Пришлось рассчитывать на собственные силы. Мы с женой отправились на рынок, купили цементную смесь, утеплитель для труб, стекловату, строительную пену и еще на всякий случай рулон утеплителя с отражателем, гвозди и еще что-то. Я никак не мог прекратить делать покупки, поскольку это-то у меня получалось неплохо: вот с цементными работами, как я предполагал, будет гораздо хуже, и это нервировало меня. К тому же подкралась душная августовская гроза, и, когда мы выходили с рынка, от духоты и внезапно подступившего чувства ответственности за все решения, которые мне с этой минуты предстоит принимать, хотя я не имею о них ни малейшего понятия, у меня адски закружилась голова и начисто отшибло память.
- Послушай, - сказал я жене. - У меня что-то с головой... Надо зайти в аптеку и взять...
- Что?
- Ну лекарство, чтоб сосуды разжало...
- Ношпу?
- Нет, нет, оно еще для памяти, они там знают...
Мы ввалились в аптеку со всем нашим строительным скарбом.
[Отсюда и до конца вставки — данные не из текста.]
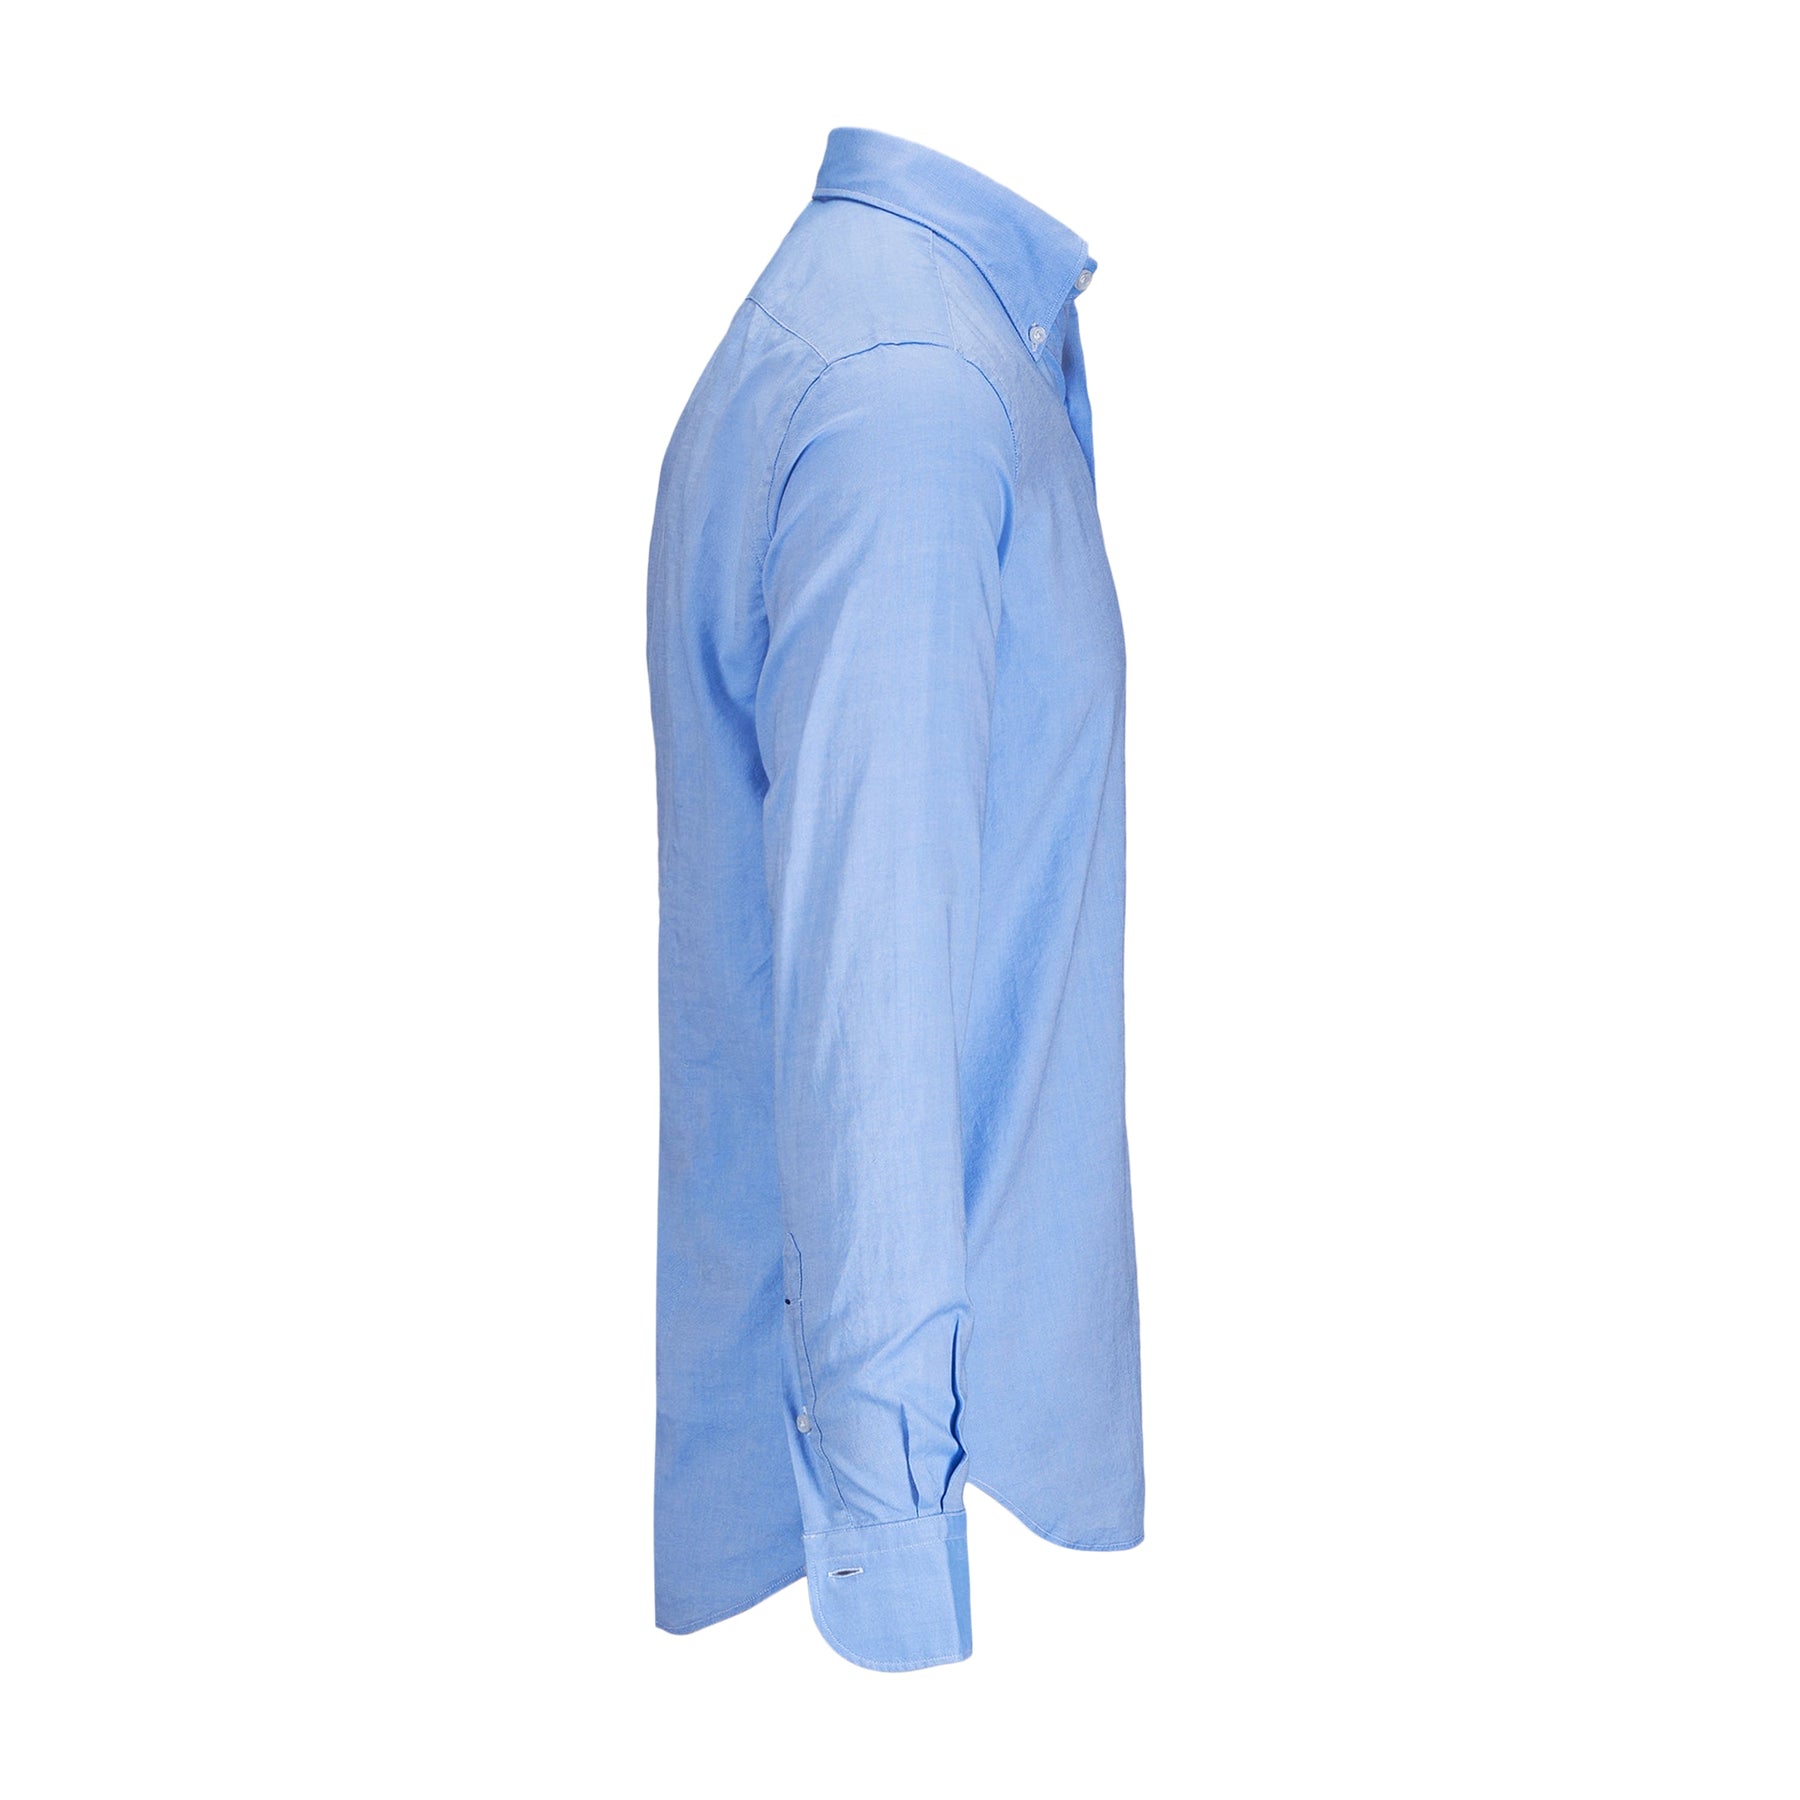 Orian Cotton Button-Down Shirt Blue-Skjorte-Orian-Phrase

Я наклонился к окошку:
- Дайте пожалуйста... это... Я забыл... Это от слабоумия и для памяти, понимаете?
Девушка в белом халате оглядела меня, жену и трубы пластикового теплоизолятора, навешанные на рюкзак какими-то чудовищными мотками.
- От слабоумия?
- Да, да, я думал, вы знаете... Ну его дают старикам, понимаете? От склероза. И от слабоумия. На ранних стадиях.
- Я вас не понимаю...
- Я думал, вы мне подскажете. Такие капсулы. Половинка оранжевая, половинка белая. Бывают просто белые. Понимаете?
- Нет.
- Ну его всем без исключения сначала прописывают, у кого с головой не то...
- Ноотропил?
- Ну конечно, конечно! Ноотропил! Вот, видите, а если б вы не вспомнили, я бы из вашей аптеки прямиком ушел бы в бессознанку и в склероз и уже никогда бы не вернулся...
Девушка приняла все за шутку и улыбнулась. Она молодая и еще не знает, как способно приплющить мозги неразделенное чувство ответственности.
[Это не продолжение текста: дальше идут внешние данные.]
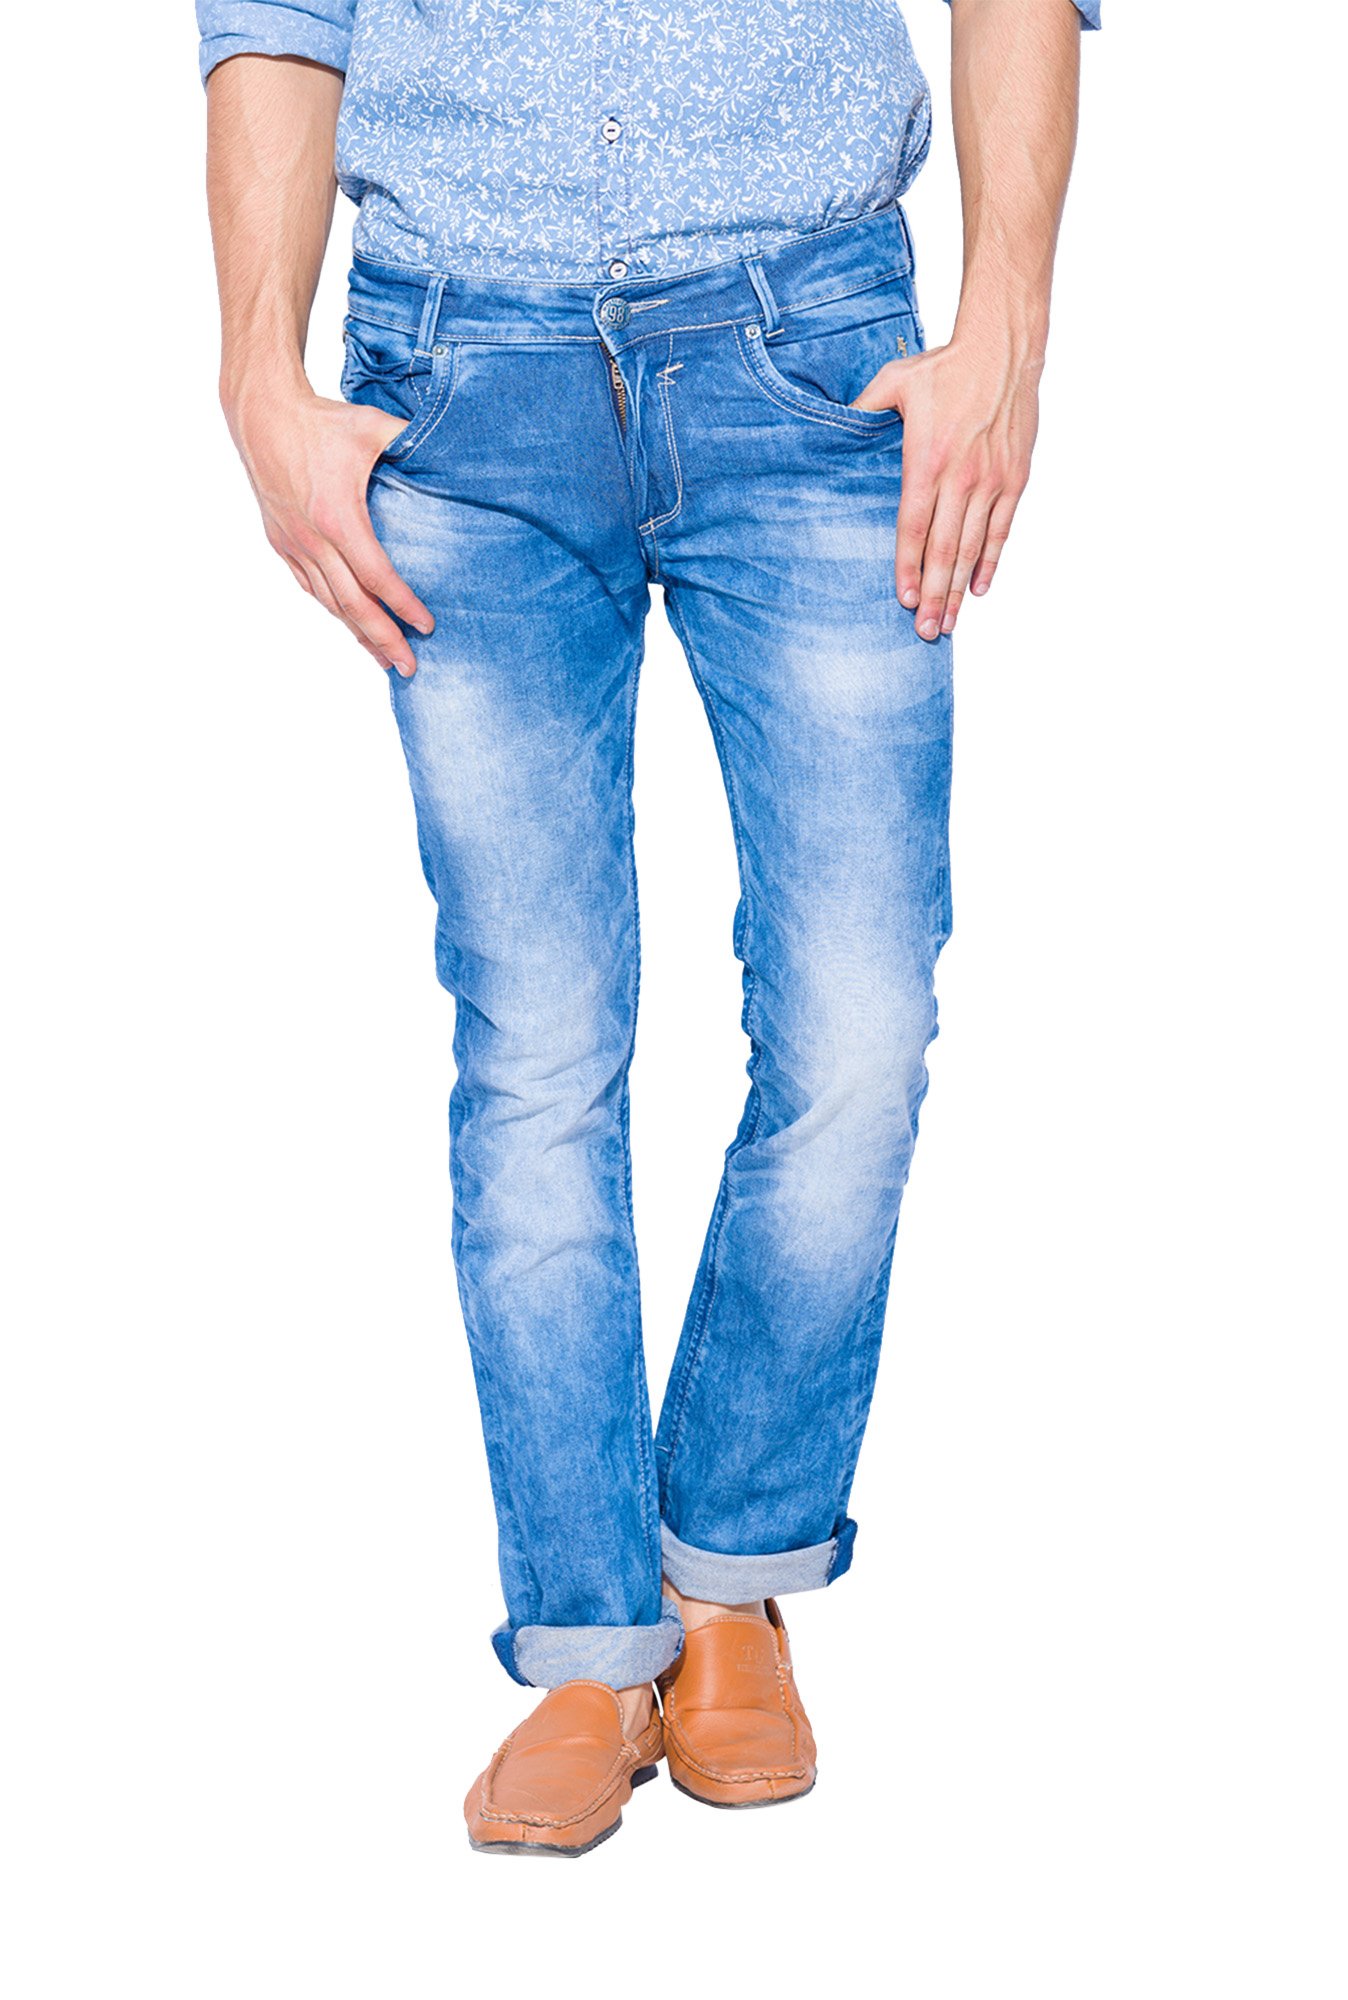 plac jeans price

Однако с памятью у меня и впрямь что-то не то.
Да и вообще сообразиловка... Из-за грозы, что ли.
Мы вернулись домой, основательно перегруженные и взмокшие в липком воздухе августовского полдня. Очень хотелось пить. Разложив на полу купленные вещи, я поглядел на стол. На столе стояла полная чашка зеленого чаю и другая чашка, пустая, на донышке которой тоже был зеленый чай, только еще сухой, в чаинках. Значит, жена заварила себе, а мне насыпала и не стала заливать, чтоб я сам заварил себе, когда захочу - с благодарностью подумал я о жене, сердцем чувствуя ее заботу. Правда, как назло, я хотел сейчас черного чаю. Крепкого. И сладкого. Поэтому я взял пустую чашку и незаметно, чтоб не обижать жену, высыпал зеленые чаинки в помойное ведро.
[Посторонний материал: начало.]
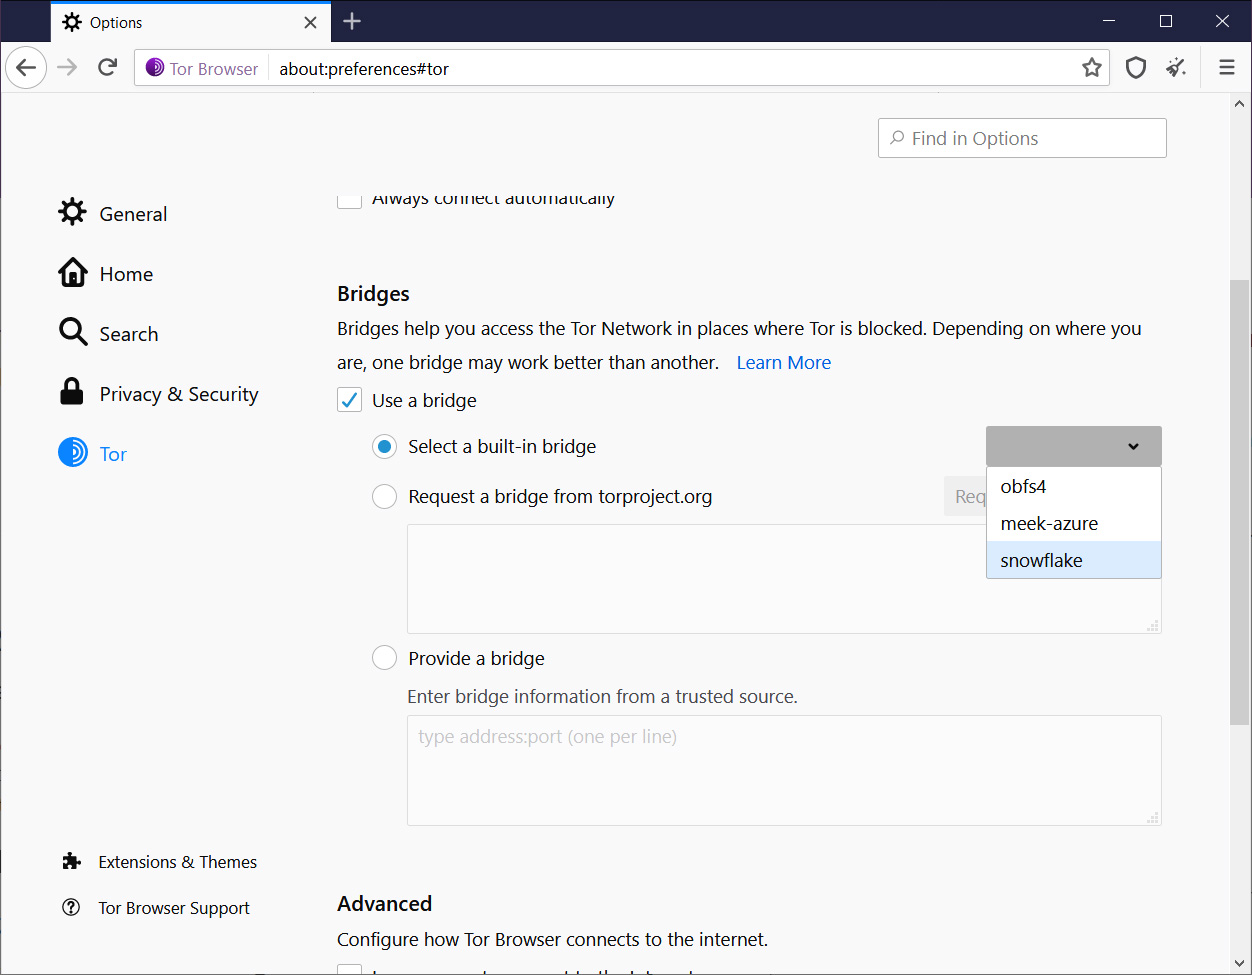 Tor Browser 10.5 adds Snowflake as a bridge option

- Зачем ты выбросил мой чай? - вдруг спросила она.
- Я ничего не выбрасывал, вот он - как стоял, так и стоит, - показал я на полную чашку.
- А я думала, что это - твой.
- Да? А я решил, что твой. А ты разве не мне в чашку зеленого насыпала?
- Нет, себе. А ты решил... Забавно, как по-разному все воспринимается...
- Да, - подумав, сказал я. - Ноотропил, чай... Понять друг друга практически невозможно. В сущности, мы просто пытаемся угадать, что имеет в виду другой. И это не всегда получается.
- При этом мы считаем друг друга близкими людьми и, видимо, угадываем достаточно точно. А что говорить о незнакомых?
- Я знаю человека, который сказал другому: "Это опять звонит твоя сестра". После чего другой обиделся на него насмерть.
- Почему?
- Потому что ему показалось, что тот говорит оскорбительным для сестры тоном.
- А на самом деле?
- Он просто сказал: "Это опять звонит твоя сестра".
- Значит, мы не такие уж психи?
- Да, не такие уж.
Я замолчал и подумал о своей жене. Точнее, о своей прежней жене, с которой мы давно расстались. Мы очень любили друг друга и прожили душа в душу лет пять. А потом вдруг стали ссориться. Сначала я думал, что в чем-то виноват, что-то делаю не то, винил себя, докапывался до каких-то несуществующих глубин нашего очередного разлада, пока в один прекрасный момент не понял, что мы просто очень по-разному воспринимаем мир, я и моя жена. Раньше любовь и заботы о детях и хлебе насущном делали для нас незаметной эту разницу. А потом... То ли любовь стала привычной, то ли забот стало меньше, и различие между нами вдруг проступило. И вот однажды, после очередной какой-то вспышки, мы ехали в электричке и зачем-то выясняли отношения. Чтобы как-то умиротворить наш разговор, я сказал:
- Знаешь, нам незачем обижаться друг на друга. Мы просто очень разные. Разный тип личности.
- О какой тепличности ты говоришь?! - вдруг взорвалась моя бывшая жена. - Четыре года мы живем на съемной даче, без воды, без душа, с сортиром на улице! Это, по-твоему, тепличность?!
Мои миротворческие усилия были смяты, и в какие-нибудь две-три секунды язык нашего общения превратился в язык отрицалова и полного непонимания, как будто я говорил на языке суахили, а она - на хинди. Мы не понимали ни одного слова из того, что говорил другой.
С тех пор я всегда вспоминаю про "тепличность", когда разговариваю с другими людьми.
Стараюсь прислушиваться, что ли.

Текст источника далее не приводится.